Task description — Look below for the line that has "Casa en Alquiler". Set down the lines from there through the line that has "Flurschrank Konsolentisch Nachttisch", exactly as written.

(Beginning of Supplied records)

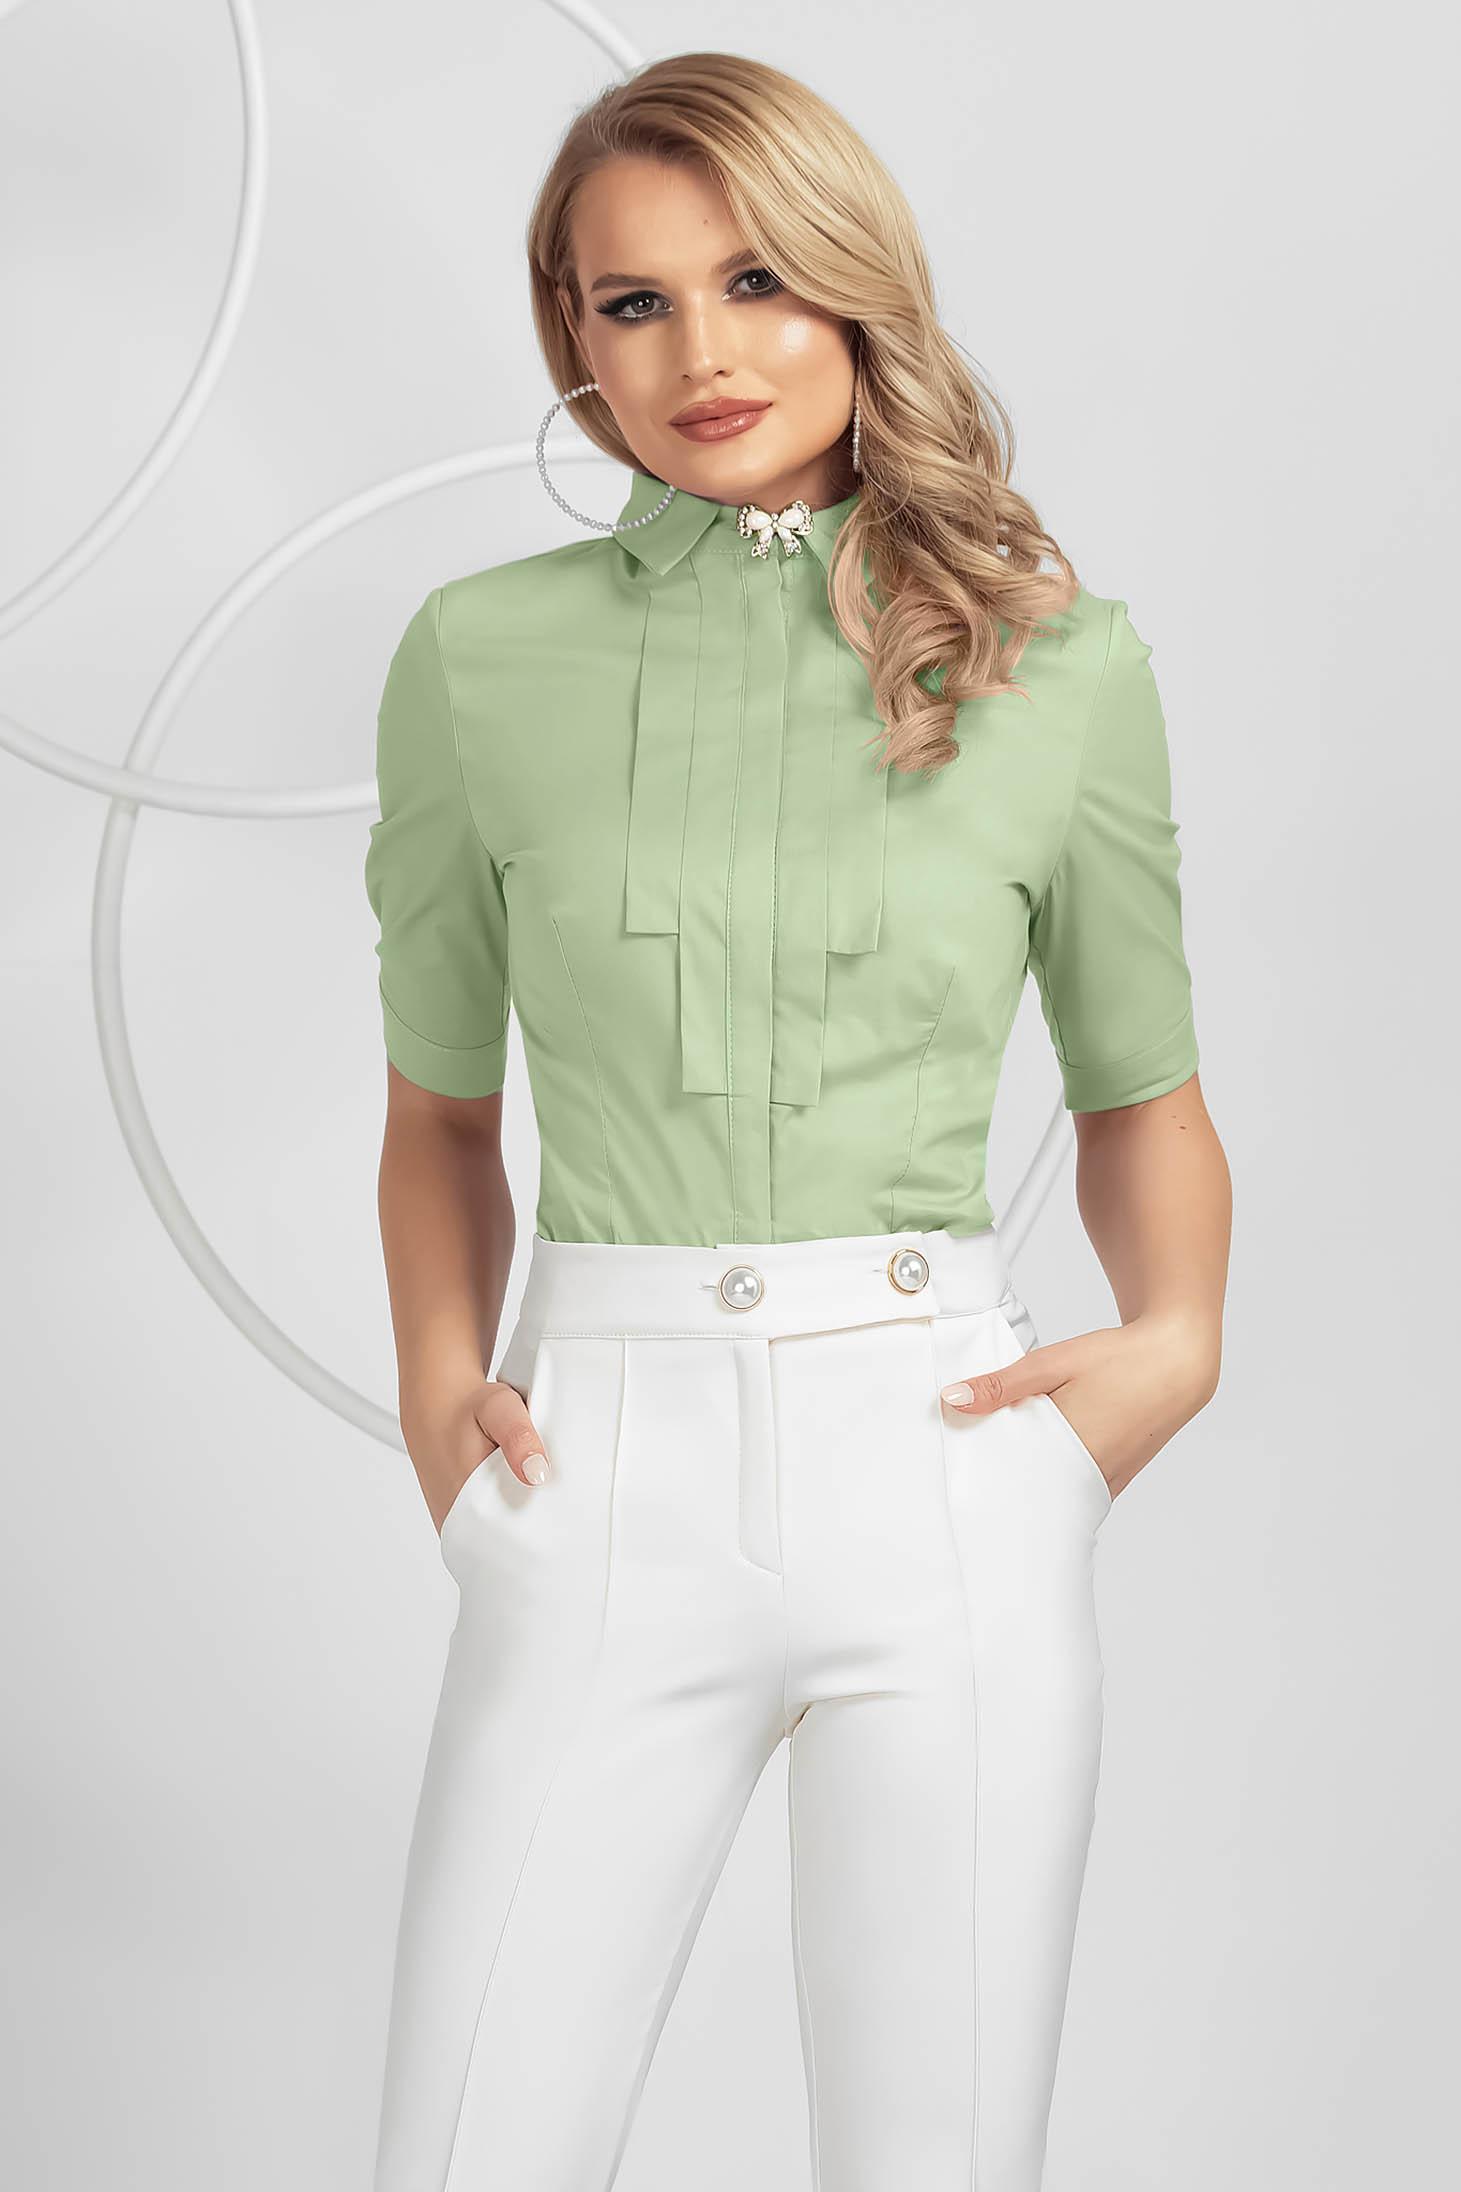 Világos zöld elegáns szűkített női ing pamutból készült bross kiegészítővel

(End of Supplied records)
(Beginning of Supplied records)

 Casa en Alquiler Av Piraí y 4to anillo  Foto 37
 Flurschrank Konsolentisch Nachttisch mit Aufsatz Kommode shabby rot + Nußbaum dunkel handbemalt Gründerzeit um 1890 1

(End of Supplied records)

Solution for this problem —
 Casa en Alquiler Av Piraí y 4to anillo  Foto 37
 Flurschrank Konsolentisch Nachttisch mit Aufsatz Kommode shabby rot + Nußbaum dunkel handbemalt Gründerzeit um 1890 1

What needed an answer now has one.